And I was running the first immunology lab in the area, in the late 1970's, and this colleague of mine, Phyllis Saifer, who I thought was a "quack" -- a delightful quack, but a quack -- used to run around talking about these people who had strange reactions to perfumes and cigarette smoke and all that kind of stuff. So I kinda shined around because she was a real nice lady, and I said "Why don't you measure T-cells?"
I don't know why I said that. I am the first person upon whom T-cells were ever tested. I'm in the first paper ever describing T-cells, so I am very familiar with T-cells. And at the time, I thought I knew all there was to know about T-cells and at that time I was an arrogant academic, anyway.

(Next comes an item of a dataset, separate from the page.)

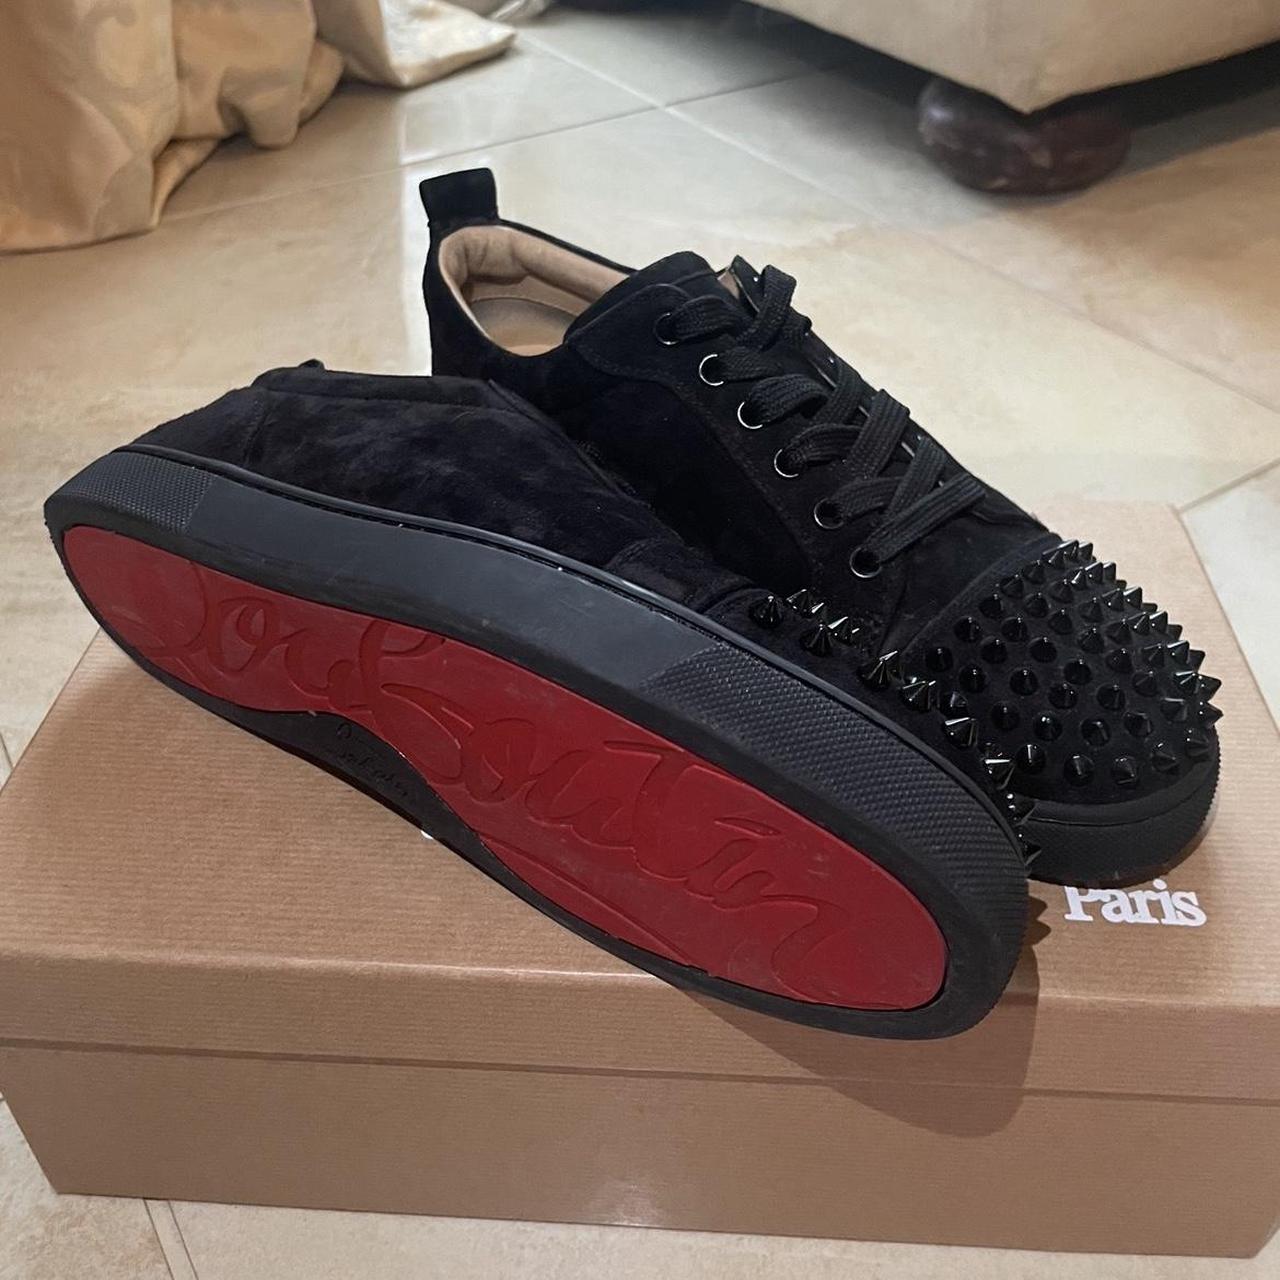 Authentic Christian Louboutin trainers, Comes with... - Depop
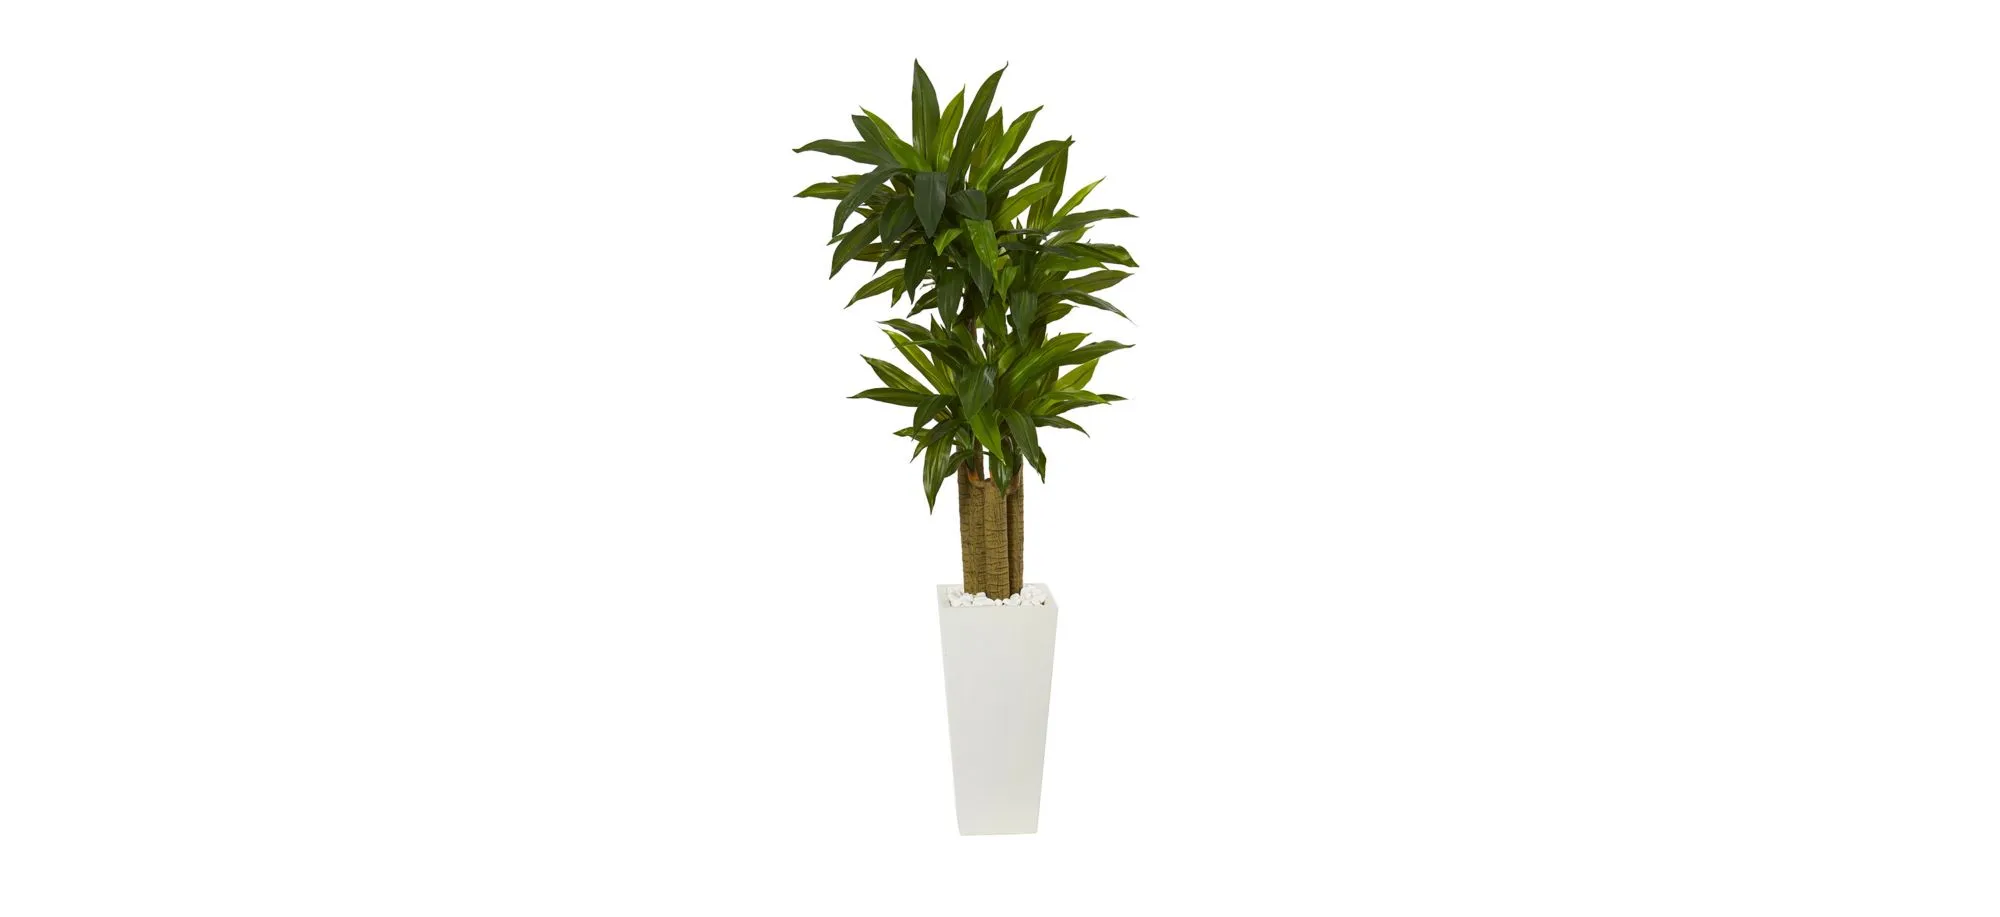 5ft. Cornstalk Dracaena Artificial Plant in White Tower Planter in Green by Bellanest

So then one day my tech came into the office and said: "There is something wrong with our assay because the controls are fine, but patients are all low." So I went in and looked, and they were all Phyllis' patients! And so then I began to interview the patients and they all had the same strange symptoms.
To make a long story short, it made logical, perfect sense. What was going on was that toxic chemicals were damaging their immune systems and they were developing autoimmune disease. It was perfectly logical.
In the meantime, being a lousy businessman, busting my own lab, I decided to go into private practice, and since she had such an interesting patient population, and since her office was closer than my other friend's, who is a traditional allergist, and I loved them both, but she was closer -- so I decided to go to her office to learn how to practice medicine. And so I worked with her and she taught me how to run a practice. You know, Workers Comp and all that business.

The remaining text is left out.